I step into the Dymocks on George Street. I clutch the fifty dollar gift card in my pocket like a sidearm, ready to expel its purchasing power at the first glimpse of a Haruki Murakami novel I haven't read. Usually there are only two bookshops in Sydney I regularly go to: Abbeys, behind the QVB and Kinokuniya, in front of the QVB. I haven't set foot in Dymocks for a long time, but as I'm spending someone else's money I have allowed myself to indulge in a cautious optimism. Upon entering, at least fifty per-cent of my suspicions are confirmed: the Self-Help section is worryingly prominent, and stands carrying the new Dean Koontz book stands beside the entrance like the snarling guardian statues outside Buddhist temples.
Undeterred, I begin with a brief scan of the literary fiction shelves. It isn't good. All the literary bad-guys are here: from kitsch romance novels to the wannabe Clancys and Kings. Wait, what's this? Ursula LeGuin in the Children's Literature section? Oh dear.
Imagine my surprise then when I notice the Philosophy section. At first glance things are looking good: there's Hume, Kant, even Bertrand Russell. From here however the intellectual quality deteriorates rapidly: the following books border on self-help books, and at the bottom shelf (the middle shelf actually: the lower two are empty) are books on astrology. Astrology.

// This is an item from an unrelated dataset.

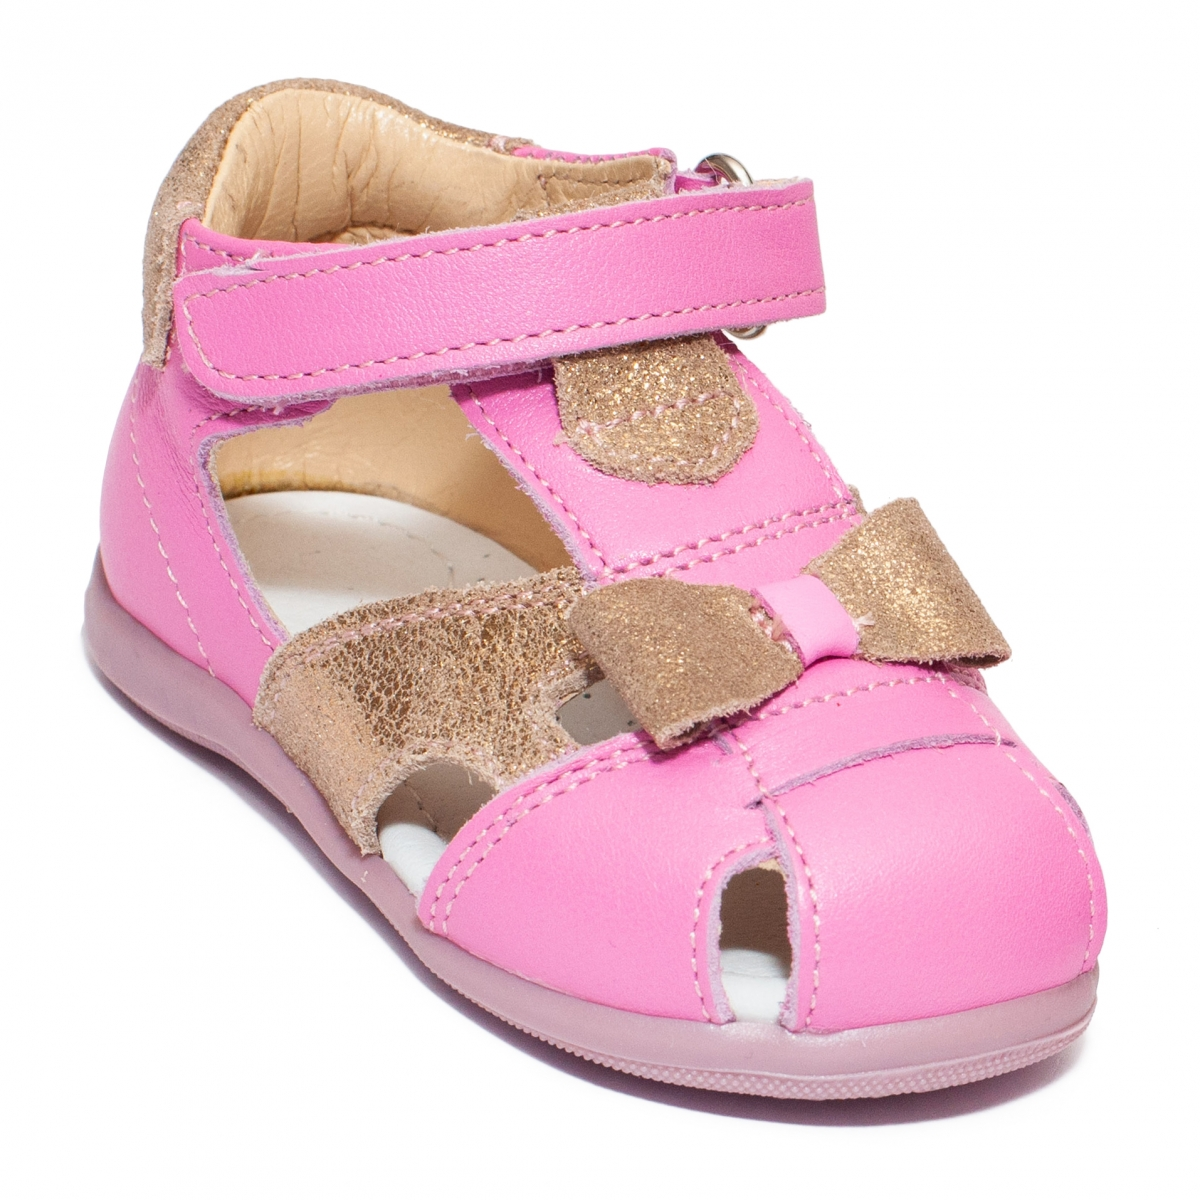 Sandalute fete avus piele 802 alb mov 18-26

One book in particular catches my eye: Philosophy in Anime. I read the blurb:
Professor of Philosophy at Wisconsin State University James Douglas explores the deep philosophical undertones of Anime classics like Ghost in the Shell, Akira and Cowboy Bebop.
My amused disgust gives way to a familiar pang of regret. I really should have worked hard at uni. Then it could be me sitting in the Humanities faculty of an unremarakble university in the mid-west watching Anime and getting paid for it. It could be me writing a book about it that would delight Anime fans and piss off bitter graduates on the other side of the world with half-arsed Arts degrees. I slink away from the Philosophy section toward the safe haven of the Penguin Classics section. You win this round, Professor Evangelion.
I find some Hemmingway and some John Irving and call it a day. They're good books, but the people in charge here don't know that. All they see are stock lists, and all they think is we need to find space for that other metric ton of Dan Brown we ordered.
I get tired of shooting fish in a barrel, and set off toward Sussex Street for something greasy to eat.